Une fibre émotionnelle accrue pour une jeune fille

Demeure l’impression désagréable que la possibilité même de ce don pourrait avoir joué un rôle dans le geste suicidaire et pointe immanquablement un hiatus. On brandit la générosité pour calmer les affres personnelles. On donne à voir la vie sauvée pour ne pas considérer l’écrasement, le refus de la sienne propre. C’est en quelque sorte un détournement. Un détournement, qui plus est hypocrite, quand on sait que le don d’organes existe « par défaut » en Belgique, « sauf opposition expresse », ce qui est profondément antinomique.

D’autant qu’on sauve des vies… mais à quel prix ? La jeune Belge a subi une euthanasie de 36 heures. Elle a d’abord été anesthésiée, puis intubée et ventilée. Ses organes ont été examinés et annoncés sur le réseau européen de don Eurotransplant avant qu’elle ne reçoive une injection mortelle. « Le problème d’une euthanasie suivie d’un prélèvement d’organes, c’est qu’on n’a pas beaucoup de temps entre le décès et le prélèvement, sinon les greffons sont perdus », indique le Pr François Damas qui pratique des euthanasies à Liège. Mais la notion de « décès » est bien floue… et on l’accommode pour que les organes vitaux prélevés soient encore vivants.

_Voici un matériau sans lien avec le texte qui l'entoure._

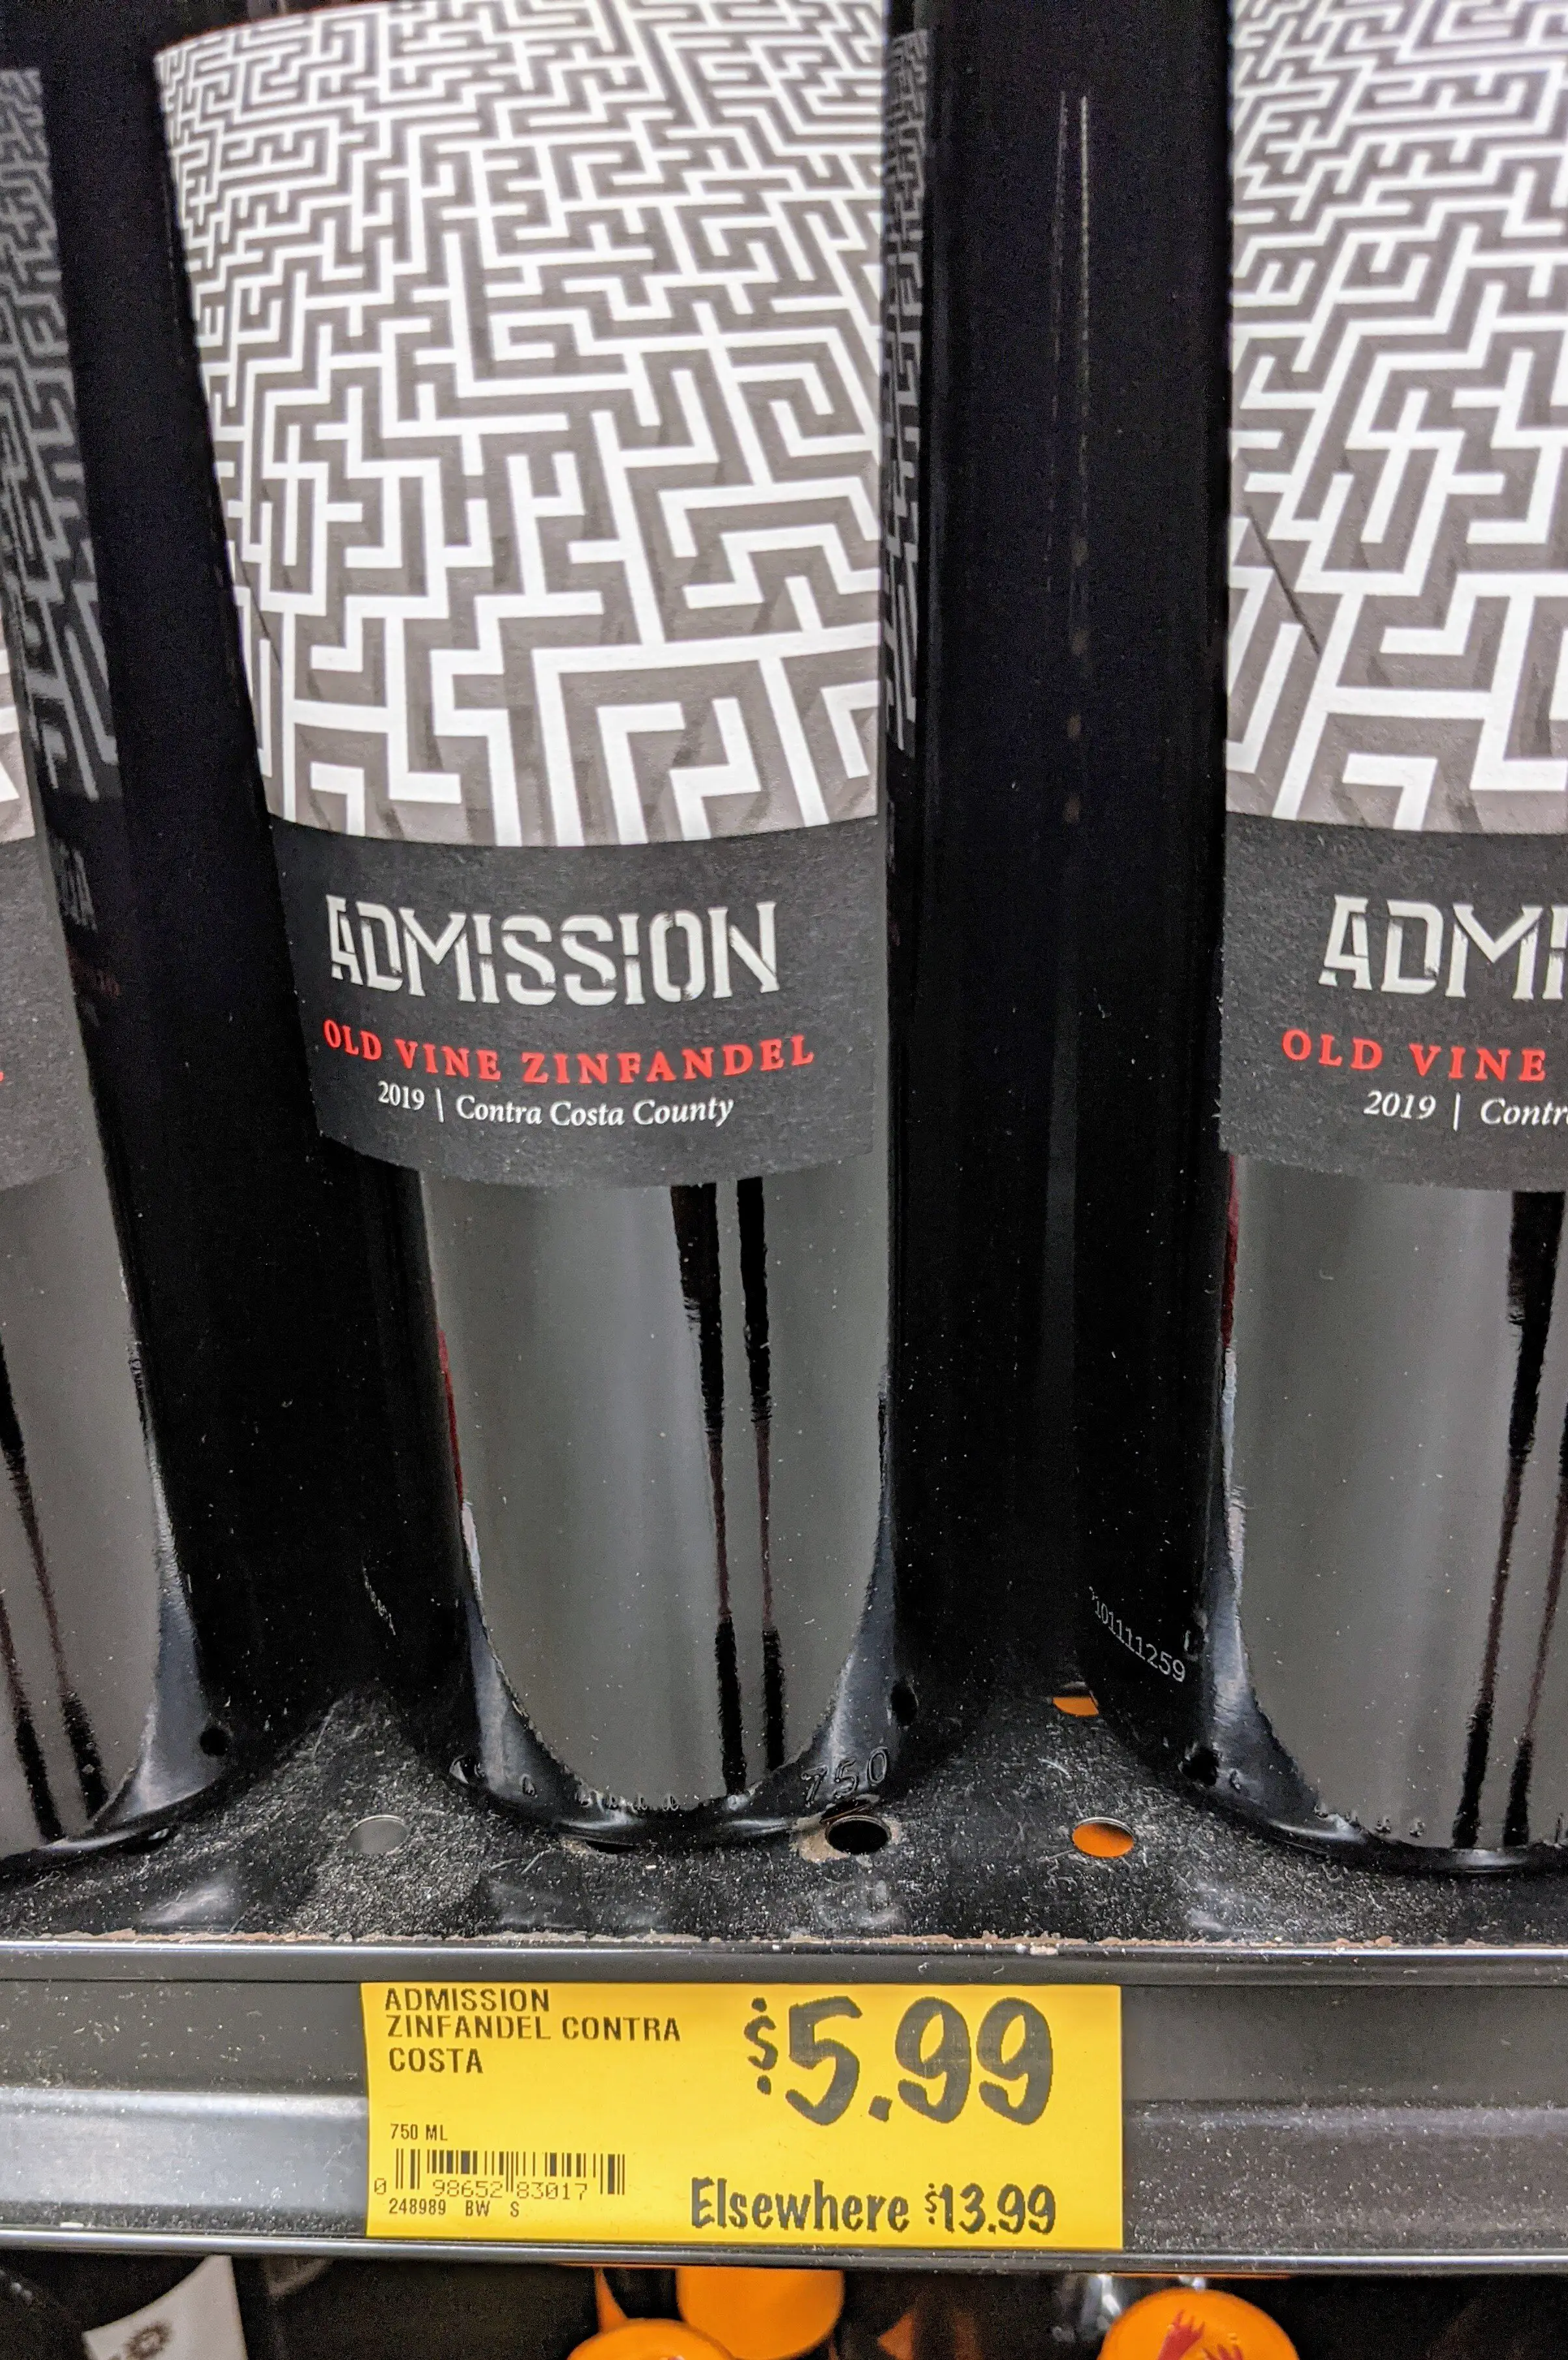 how to read a wine label - old vine zinfandel
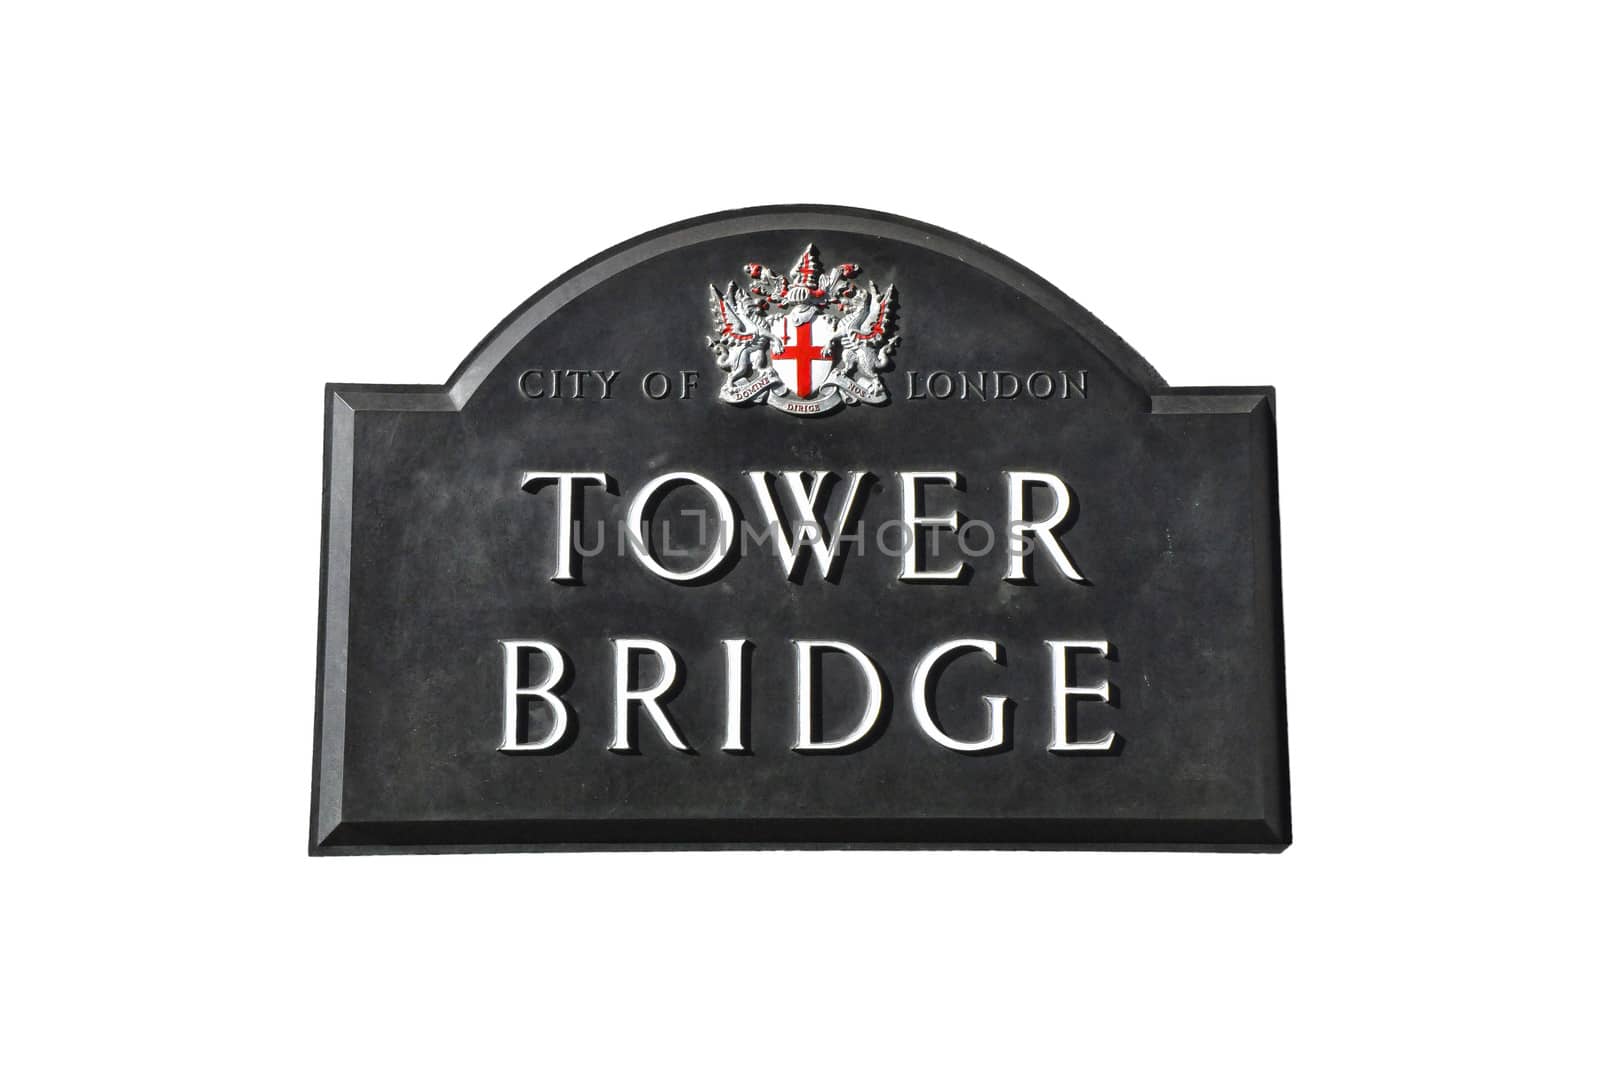 Tower Bridge sign in London against white background

Surtout, une fois de plus, c’est encore la fibre émotionnelle que l’on active, à grand renfort de larmes. Alors que nous assistons bien à une mise à mort que cache, avec une fausse pudeur, l’appellation d’« aide active à mourir ».

Le fléau du suicide — la mascarade médiatique

C’est précisément cet état d’esprit qui a présidé à la soirée consacrée par France 2 à la « fin de vie », le 11 septembre dernier. Un téléfilm, un pseudo-débat et un documentaire y ont eu raison de toute forme d’objectivité en la matière, affichant sans sourciller une promotion du suicide assisté, au mépris de toutes les règles déontologiques.

« Au moment où le gouvernement précise le calendrier et le contenu du projet de loi sur l’euthanasie et le suicide assisté, vous diffusez un documentaire-plaidoyer en faveur de l’euthanasie et un téléfilm-ode au suicide des personnes âgées », a déclaré dans une lettre ouverte à France Télévisions une juriste de la Fondation Lejeune. « En plus de l’irrespect du pluralisme d’opinion, vous méconnaissez votre devoir de sauvegarde de la santé publique. Au lieu de prévenir la contagion suicidaire vous en faites la promotion. »

Parce qu’évidemment, la promotion provoque un mimétisme social, la juriste évoque l’effet Werther, ou « suicide mimétique » : « Les Pays-Bas connaissent une hausse de leur taux de suicide de 27 % en 14 ans depuis qu’ils ont dépénalisé euthanasie et suicide assisté. » Et leur nombre d’euthanasies pratiquées a plus que triplé en vingt ans.

D’un côté, la France pénalise la provocation au suicide et de l’autre, tend cette image mortifère au regard du peuple, dans les larmes et l’admiration.

Notre ministre déléguée chargée de l’Organisation territoriale et des Professions de santé, Agnès Firmin Le Bodo, l’a résumé, dernièrement, en quelques mots : « Le débat n’existe pas. […] L’accès à l’aide à mourir est le continuum d’un accompagnement curatif et palliatif jusqu’à la mort. »

Ainsi, cette jeune Belge sert encore d’alibi, et le don d’organes en rajoute une couche – ce qui ne doit pas déplaire à l’évêque belge Mgr Johan Bonny.